News24 Wire
Wire Service
2 minute read
18 Oct 2019
10:53 pm

CCMA rules in favour of Bloomberg against journalist Sam Mkokeli

News24 Wire

'It's a shocking outcome and a blow to media freedom,' the veteran journalist said.

Journalist Sam Mkokeli. Picture: Screenshot (CNBC Africa)

The Commission for Conciliation, Mediation and Arbitration (CCMA) has found Bloomberg did not commit unfair labour practices in a case involving senior journalist Sam Mkokeli.

Mkokeli took Bloomberg to the CCMA after a series of warnings which he alleged were unfair.

In December 2018, Bloomberg initiated disciplinary proceedings against the veteran journalist, saying he had violated its social media policy and subsequently issued a written warning.

The warning related to a tweet by Mkokeli on Telecommunications Minister Stella Ndabeni-Abrahams.

The tweet was posted before she was announced as minister on November 22, 2018, and, translated to English, was captioned: “Here’s the walk.”

Bloomberg was of the view that the tweet had speculated she would soon become the telecommunications minister, which it said was against its social media policy as the tweet had broken news before it went onto the Bloomberg terminal.

That same month, the company issued Mkokeli a final written warning for the same offence.

He had again tweeted an article with the headline “ANC’s Pule Mabe accused of sexual harassment by his PA”. Mkokeli captioned it: “Thixo ka Fransman!”

This, the company said, was an opinion expressed by Mkokeli which was against its social media policy.

Commissioner L Shear, on behalf of the CCMA, said: “The social media policy is clear.
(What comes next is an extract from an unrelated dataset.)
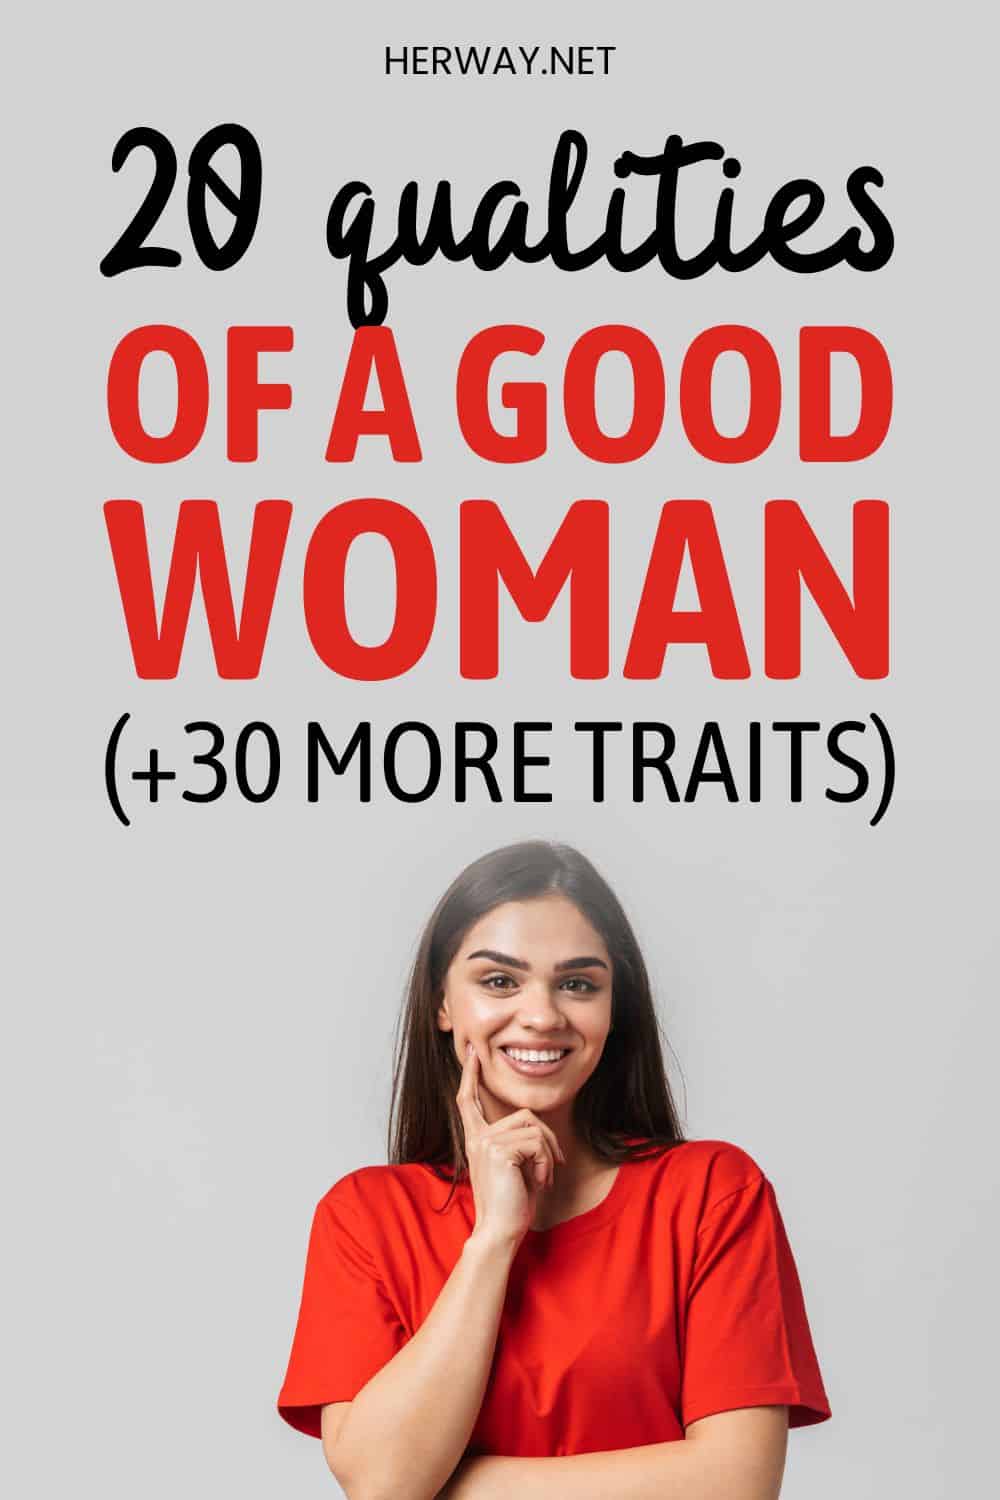 20 Qualities Of A Good Woman (+30 More Traits) Pinterest

It requires all journalists to be responsible for the content of all publications. It requires journalists, when in doubt, [to] ask questions and tweet later.”

He added: “With regard to the tweet concerning the minister of telecommunications, it is common cause that the tweet appeared before Ms Stella Ndabeni-Abrahams was appointed as a minister.

“This is a violation of the requirement that all news should break first on the Bloomberg terminal and not on social media. The applicant as a senior journalist should have been cautious in ensuring that this did not take place.”

The Mabe tweet, Shear said, in his view was also a breach of Bloomberg’s social media policy.

“Whether or not the applicant had an opinion regarding Mabe or [Marius] Fransman’s position in this regard, is irrelevant, the perception had been created through the tweet that there is or maybe [is] a relationship between the two…

“It is, therefore, my conclusion that the written warning and final written warning were fair and that the respondent [Bloomberg] did not commit an unfair labour practice in this regard.”

Speaking to News24, Mkokeli said this was a blow to media freedom.

“It’s a shocking outcome and a blow to media freedom, coming out eerily as we look back on Black Wednesday and the painful reminder of brutal apartheid censorship.”